West’s late mentor had created a luminous serum to revive the dead and so Herbert sets forth in continuing the research with Dan’s help but things don’t go to plan as their re-animated experiments prove to be strong and very, very nasty. The pair’s research is further hampered by efforts of the meddlesome, Dr. Carl Hill, the supremely evil bad guy. His desire for success…and desire for Dan’s girlfriend, Megan, leads to one of the finest examples of undead villainy the world has ever seen.
The cast are expertly chosen.
Bruce Abbott (Bad Dreams) handles the ludicrous events superbly and gives it his all while the magnificent Barbara Crampton (From Beyond, Puppetmaster) makes for an alluring yet, smart, leading lady as Meg Halsey, while the sadly departed David Gale ALMOST steals the show as Dr. Hill.
Gale does some crazy stuff in this film but does it all, without the slightest hint of hamminess. Even when his disembodied head attempts to perform oral sex on the captured Megan (a scene cut from the UK DVD release), Gale remains a class act.
Gale shaved his head throughout the making of the film for the simple budgetary reason that, in the latter stages of the film, when we see a lot of shots of his reanimated, decapitated head, it was far cheaper for Gale to wear a wig than constantly match his real hair to that of the dummy heads.
The real value comes courtesy of Jeffrey Combs, who plays the role of Herbert West so straight, so seriously but with an odd playfulness, that it is simply a joy to behold. Even when wrestling a clearly fake cat, Combs remains resolutely deadpan. I truly think that Jeffrey Combs is a great, not to mention underrated, actor.

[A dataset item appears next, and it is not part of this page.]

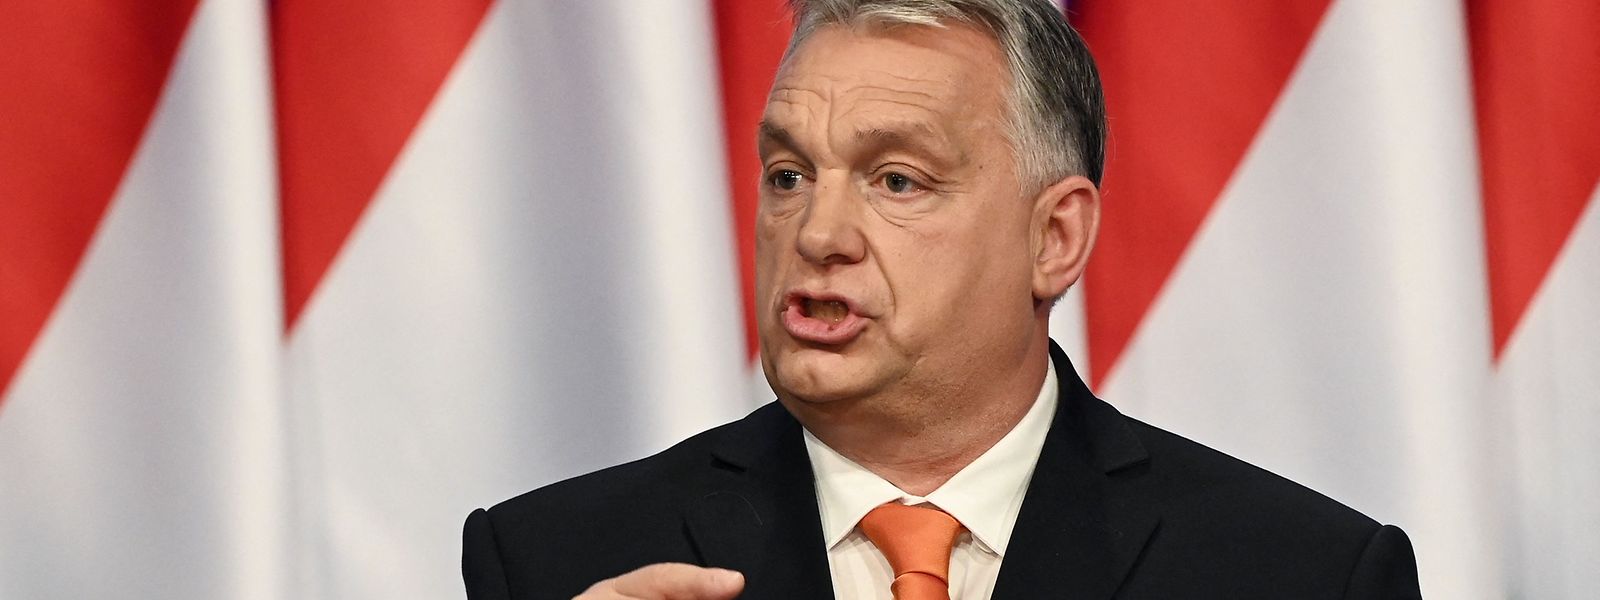 Ungarns Premierminister Viktor Orban eröffnet den Wahlkampf seiner Fidesz-Partei mit EU-feindlichen Sprüchen.
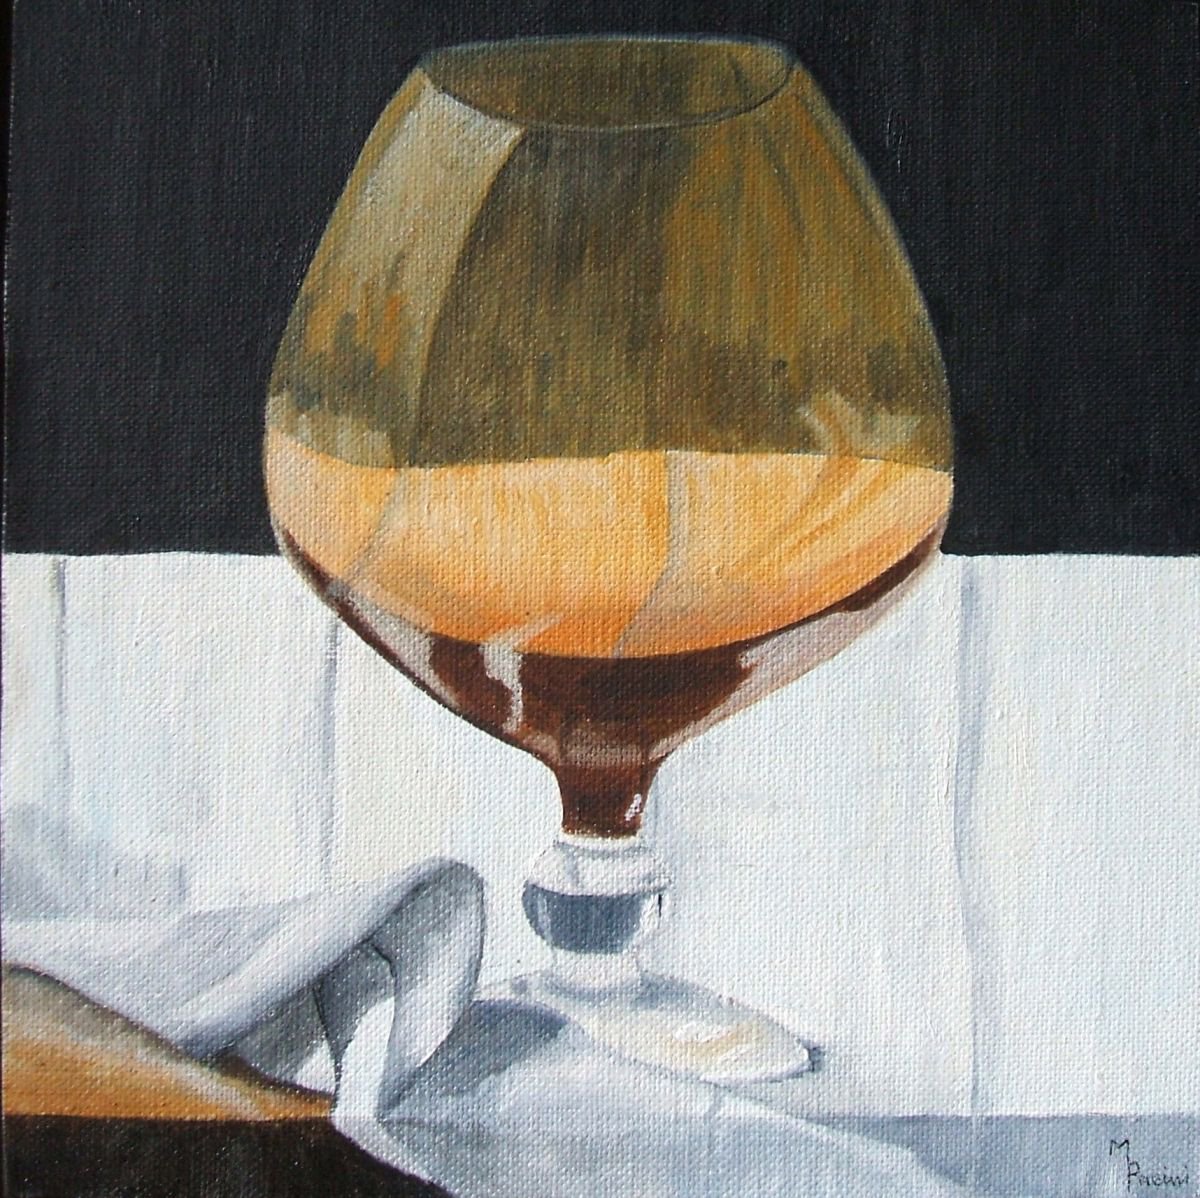 The Brandy Glass by Maddalena Pacini

You only have to watch this film, it’s sequels and The Frighteners to see that.
This is a film full of slapstick-y, comic violence but it is nonetheless, pretty damn gruesome and although directed by Gordon, it’s stylistically very similar to Yuzna’s later films
The sequels are actually pretty good too, believe it or not. 1990′s Bride of Re-Animator re-unites the cast (minus Crampton) and is even closer to Shelley’s Frankenstein. It’s also the film in which Dr. Hill has bat wings attached to his disembodied head, giving him the ability to fly. Awesome.
2003′s Beyond Re-Animator is a gory Spanish treat that sees the now incarcerated West continue his research from behind bars. It’s also notable for a fight sequence between the sinister warden’s re-animated penis and a rat.
So yeah. Re-Animator… 27 years after it’s release and it is still as funny and disgusting as always. It is a cult classic that, like the revitalised corpses in the film, will never die.
Do yourselves a favour in the run up to Halloween and watch Re-Animator. You will not regret it.